This weekend a spontaneous “bring your own appetizer or dessert” neighborhood party sprung up. Luckily, I had already made one of my favorite December desserts: gingerbread! Unfortunately, this meant I had to share! But it is that time of year, so …!
If you love gingerbread like I love gingerbread, you’ll love this gingerbread! Not just because it’s yuh-uhmmmmy, but also because it’s eaaaaasy! If you use my Jules Gluten Free Graham Cracker/Gingersnap Mix, it’s even easier! You can also make this with pumpkin puree for a pumpkin-y twist on this old favorite.

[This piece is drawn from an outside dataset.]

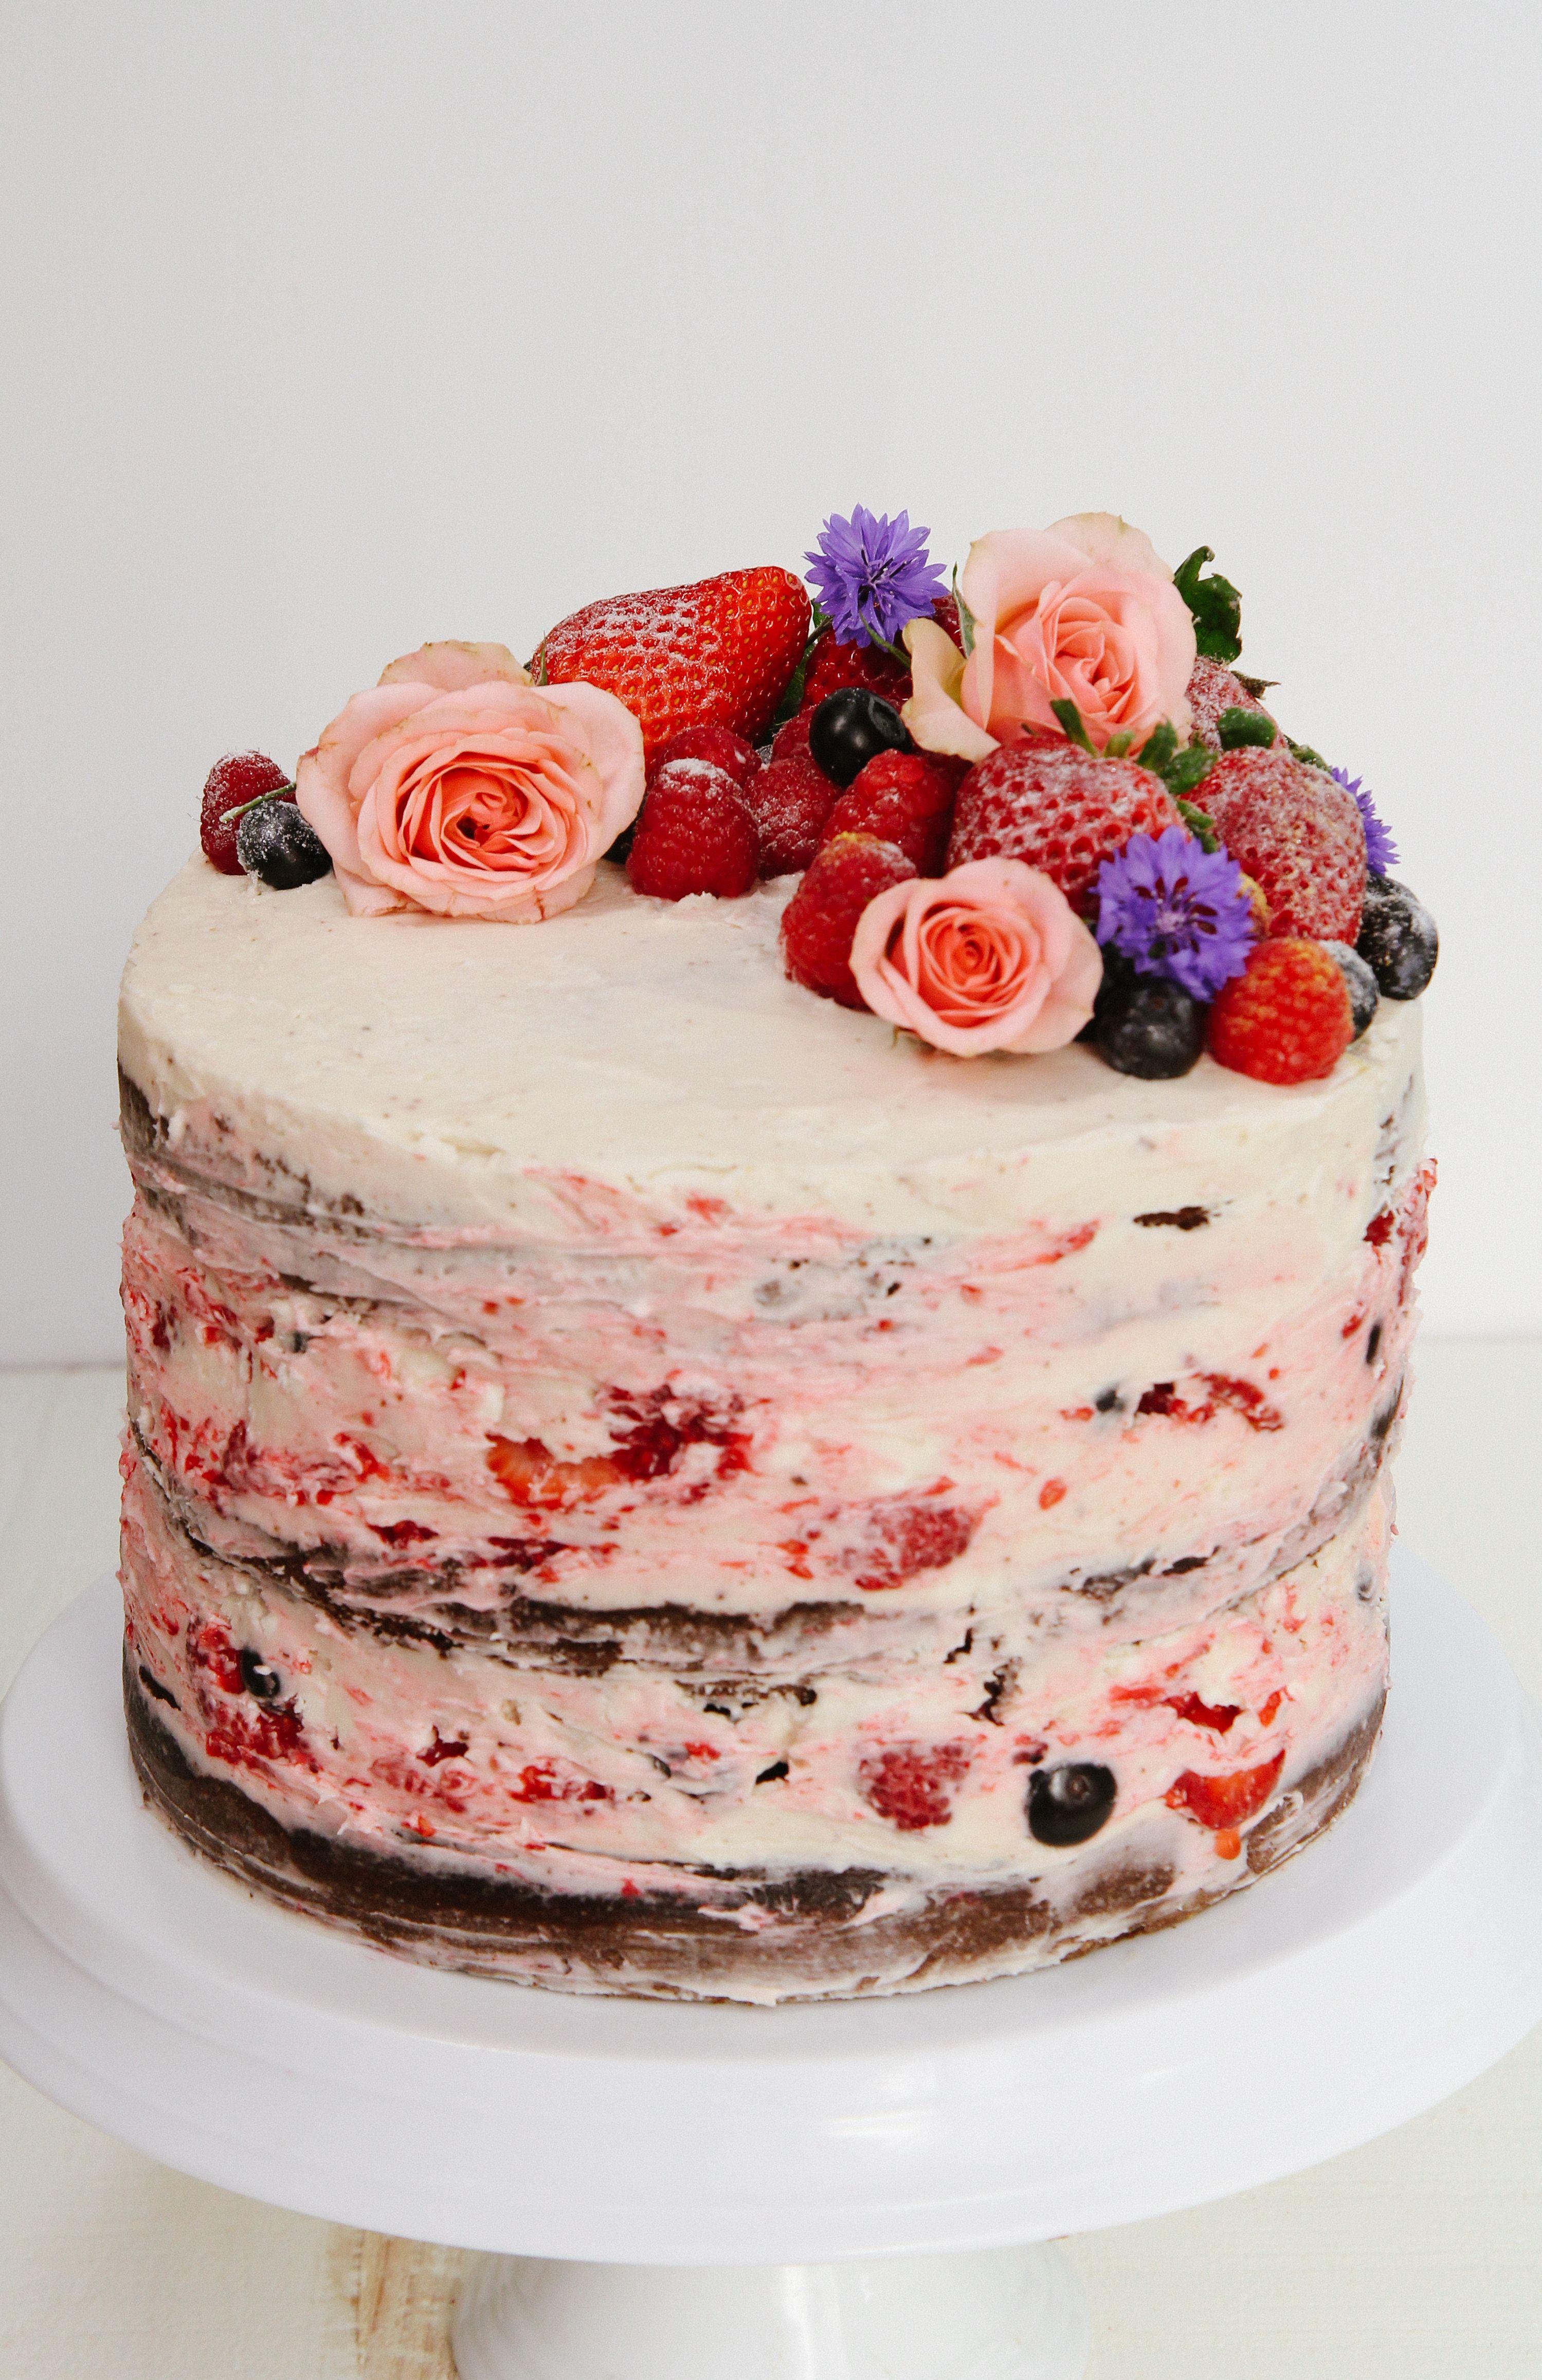 3 Layer Chocolate Almond Birthday Cake A Rich Fluffy Legit Paleo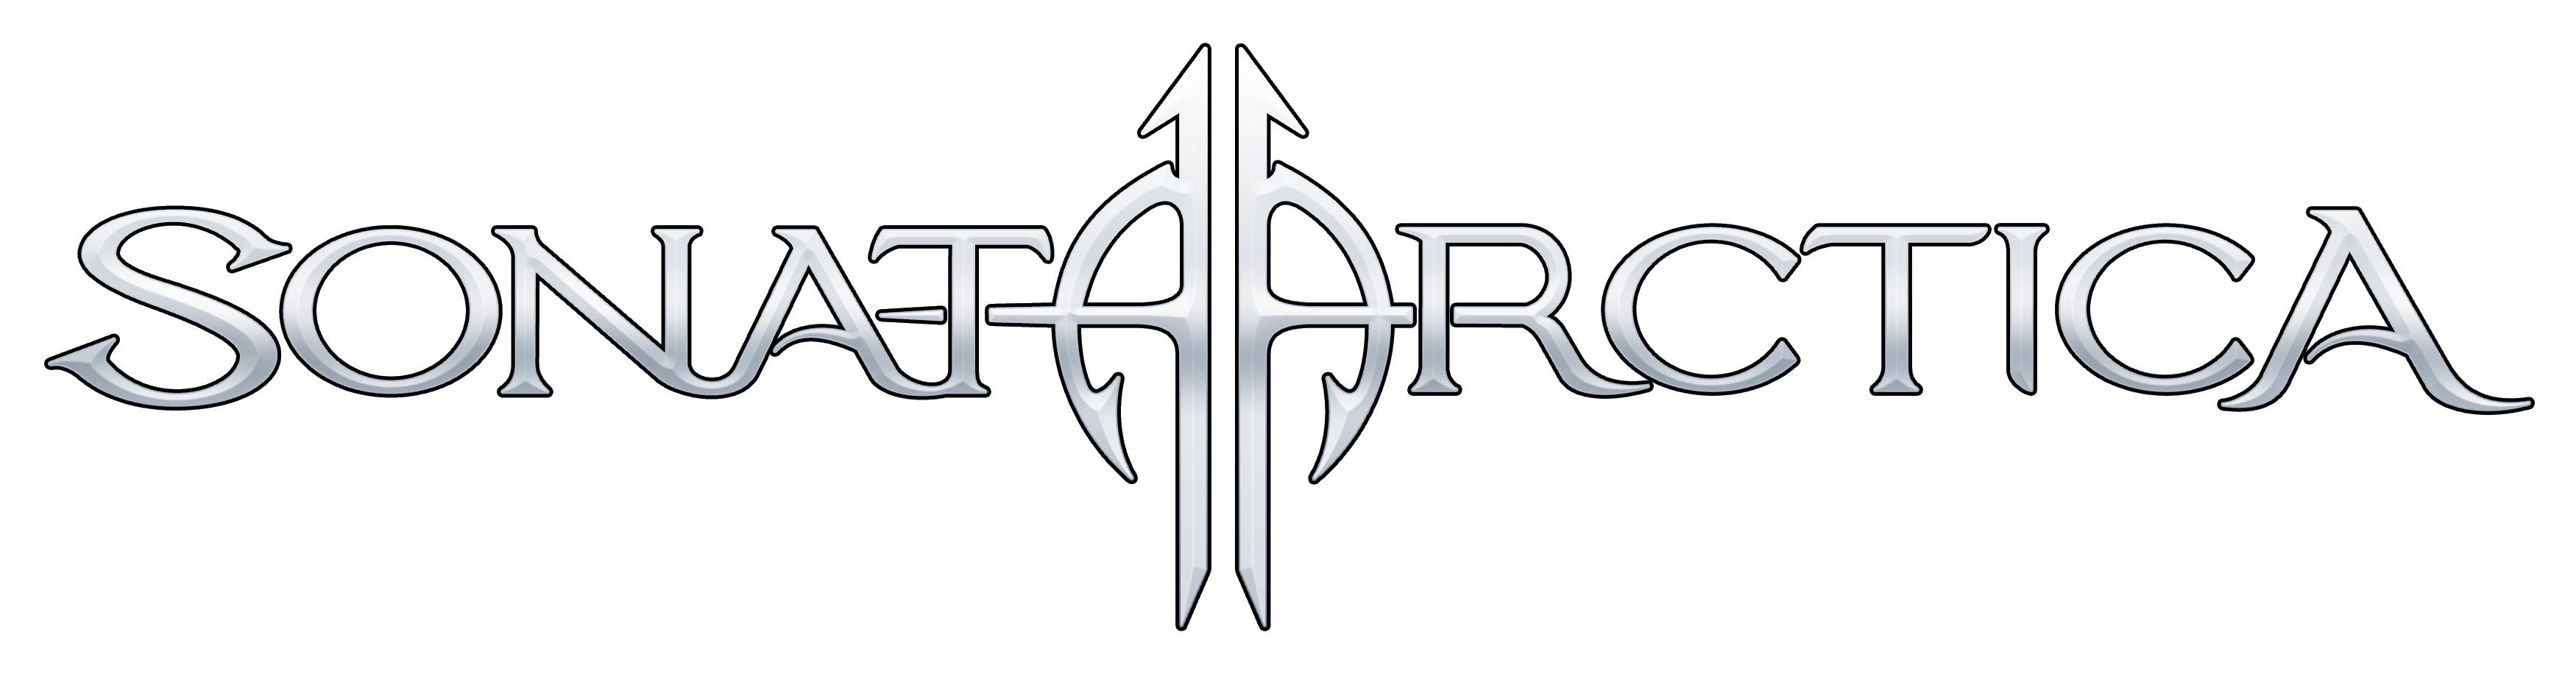 SonataArctica_new_logo2.jpg

So maybe double this recipe in case you find you need to share. Cutting the cake into small squares and serving with fresh fruit makes an easy bite-sized finger-food dessert that anyone would love to nibble on.
Happy holiday baking and sharing!
If using Graham Cracker/Gingerbread Mix:
OR from scratch:
- 1 cup brown sugar or coconut palm sugar
- 1 1/2 cups Jules Gluten Free All Purpose Flour
- 1/2 cup buckwheat or brown rice flour (Arrowhead Mills® Organic Buckwheat Flour)
- 1 cup fine white rice flour
- 1 Tbs. baking powder
- 2 tsp. ground cinnamon
- 1 tsp. pumpkin pie spice
- 1/2 tsp. allspice
- 1/2 tsp. ground ginger
- dash of salt
- 3/4 cup shortening (Earth Balance® Shortening Sticks or Coconut Oil)
- 1 1/4 cup applesauce (“natural” applesauce is less sweet) OR pumpkin purée
- 2 eggs or egg substitute (like 2 Tbs. flaxseed meal steeped in 6 Tbs. warm water or 6 Tbs. yogurt or egg-free mayo)
- 1/4 cup blackstrap molasses
- 1 tsp. pure vanilla extract
Preheat oven to 350° F (static) or 325° F (convection).
Cream sugar with shortening, beating until light (approximately 3 minutes). Add applesauce, eggs, molasses and vanilla. Mix until fully incorporated.
If baking from scratch, whisk together dry ingredients in a separate bowl. Slowly add dry Graham Cracker/Gingersnap Mix OR the whisked dry ingredients in with the sugar mixture, beating until the batter is smooth.
Oil a 9 x 13 baking pan and spoon batter into the pan; smooth the top with a rubber spatula.
Bake in preheated oven for 35 minutes, or until toothpick or cake tester inserted into the center comes out nearly clean. Serve warm with whipped cream (or non-dairy version) or vanilla ice cream (dairy or non-dairy) or fresh fruit.